Task directions: Beginning with the line containing "Azzedine Alaia red" and ending at the last line of the data, set down every line exactly, leaving out all pictures.

Data:
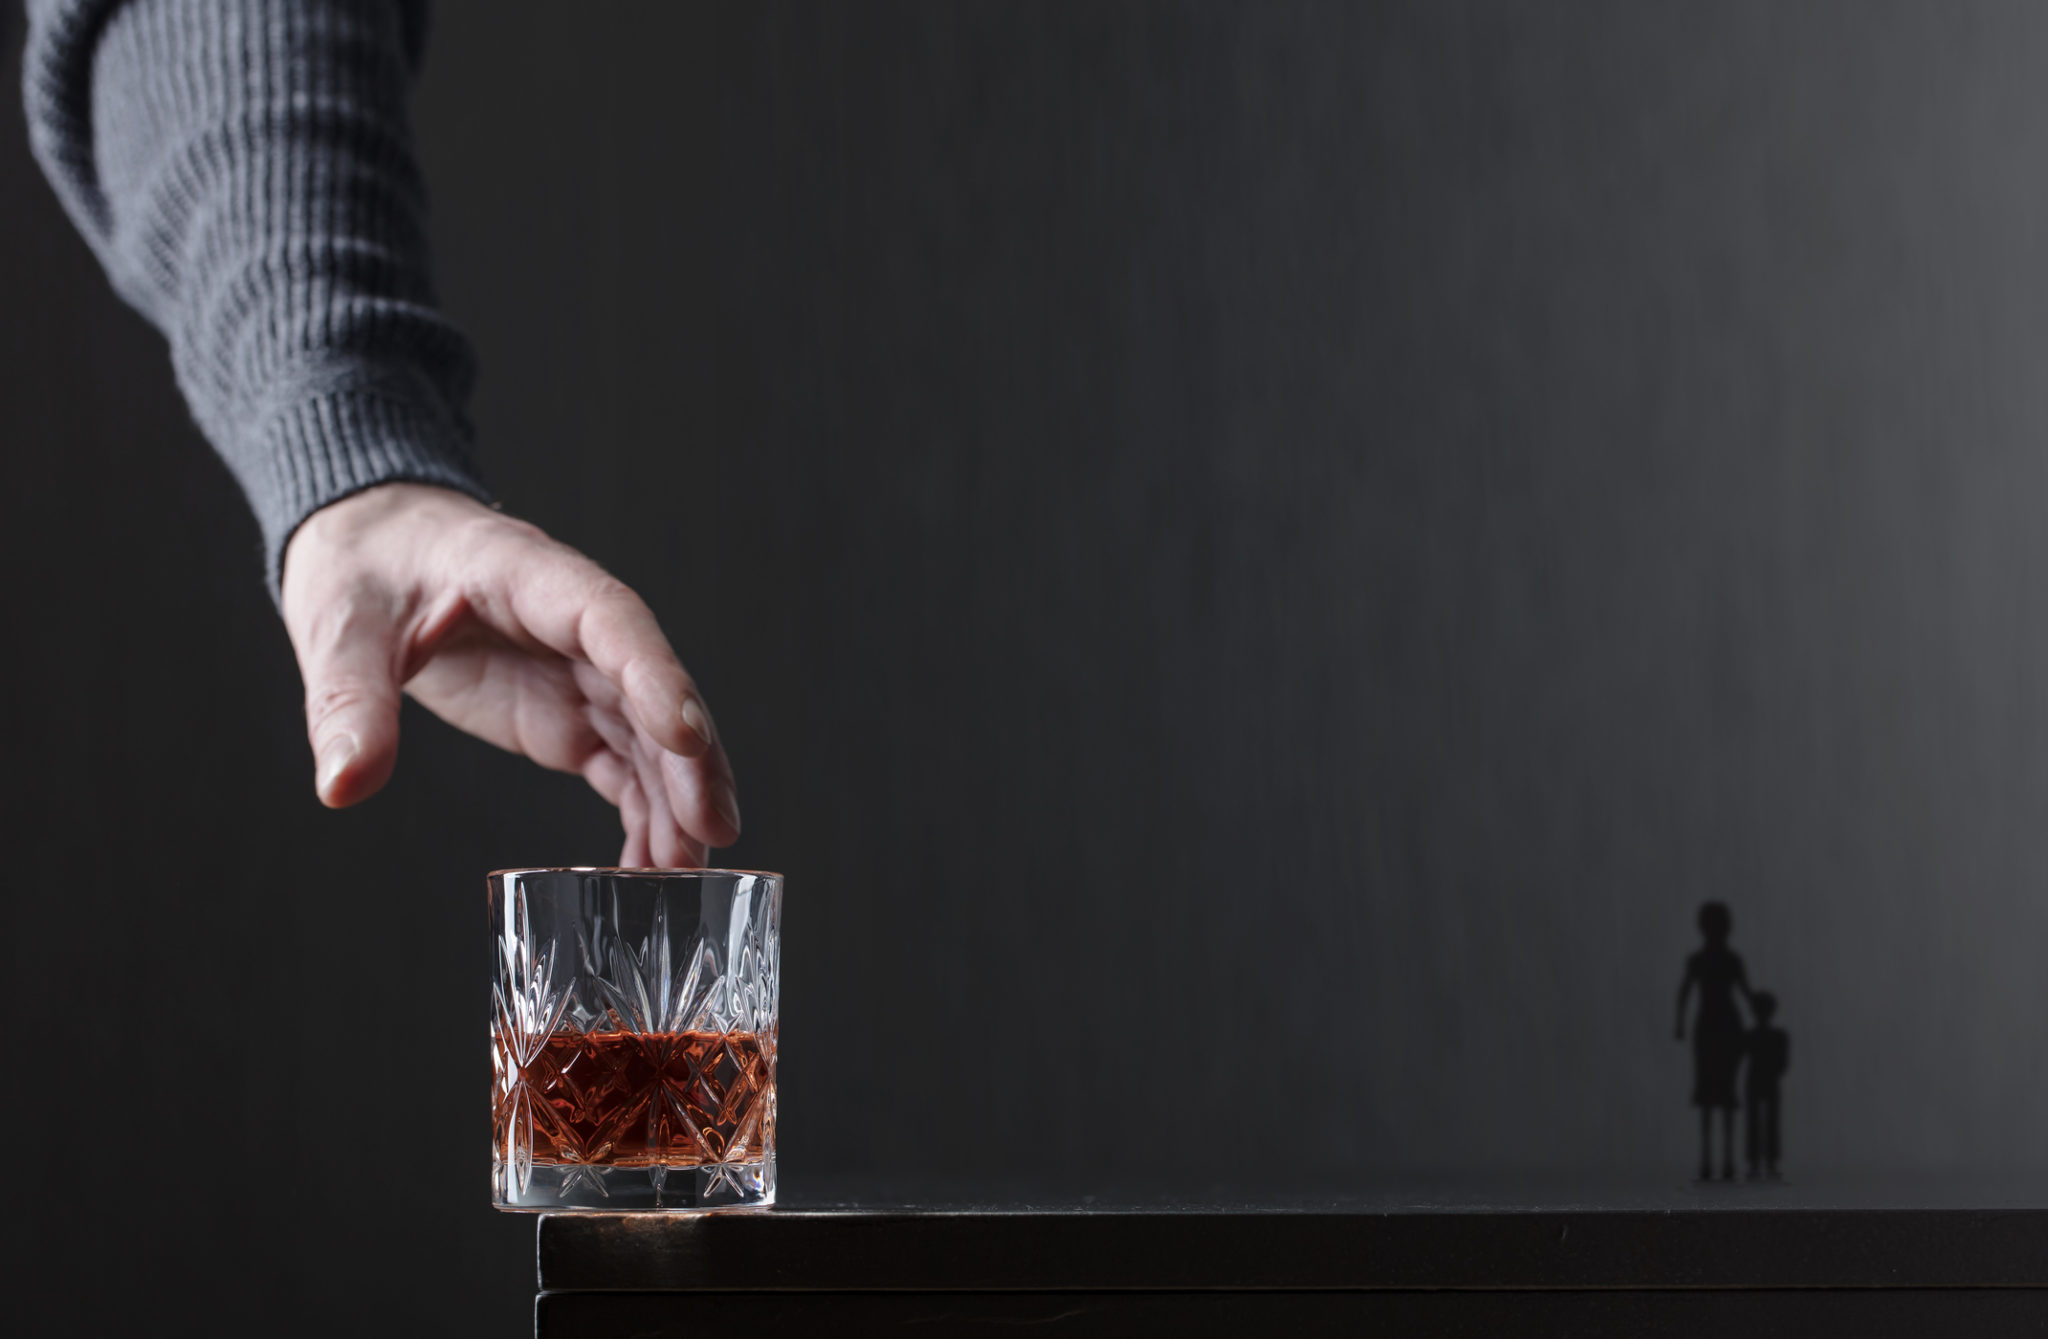 Man's hand reaching for glass of whisky (alcoholic spouse)
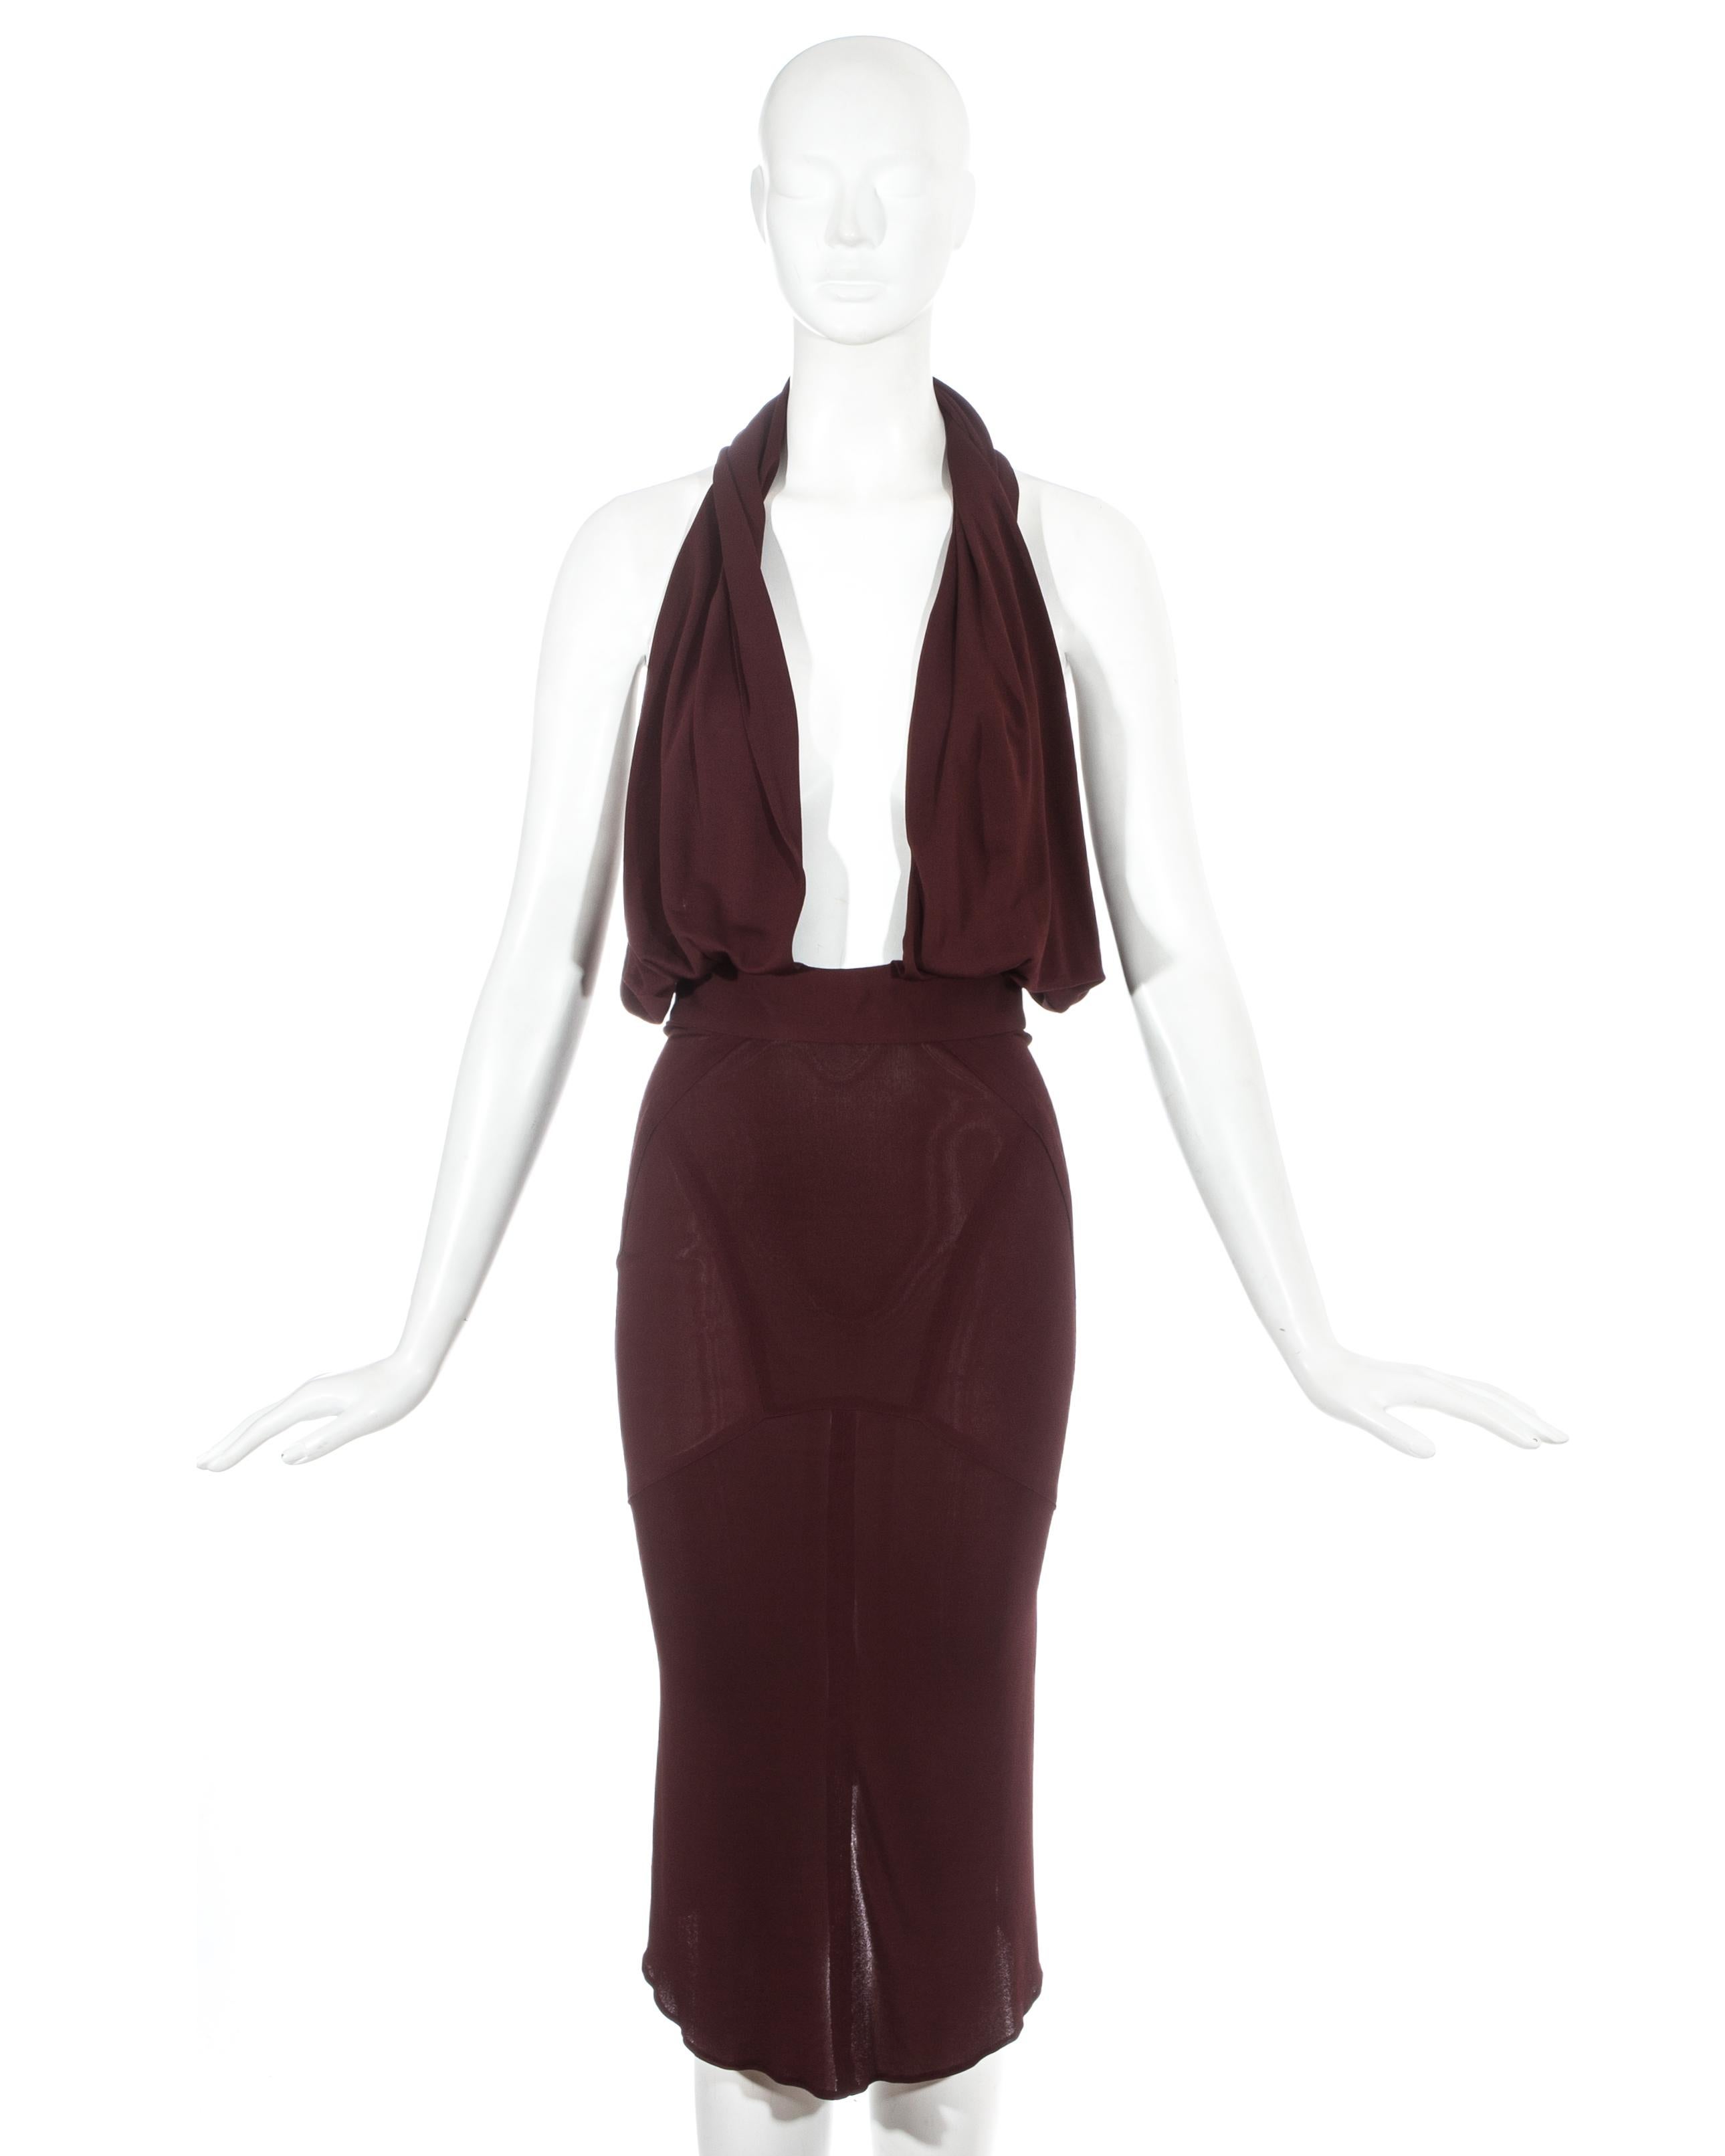 Azzedine Alaia red rayon jersey evening dress with fitted waist and pencil skirt. Attached low cut halter neck collar which could be worn as a hood. 

Spring-Summer 1984

Task solution:
 Azzedine Alaia red rayon jersey evening dress with fitted waist and pencil skirt. Attached low cut halter neck collar which could be worn as a hood. 

Spring-Summer 1984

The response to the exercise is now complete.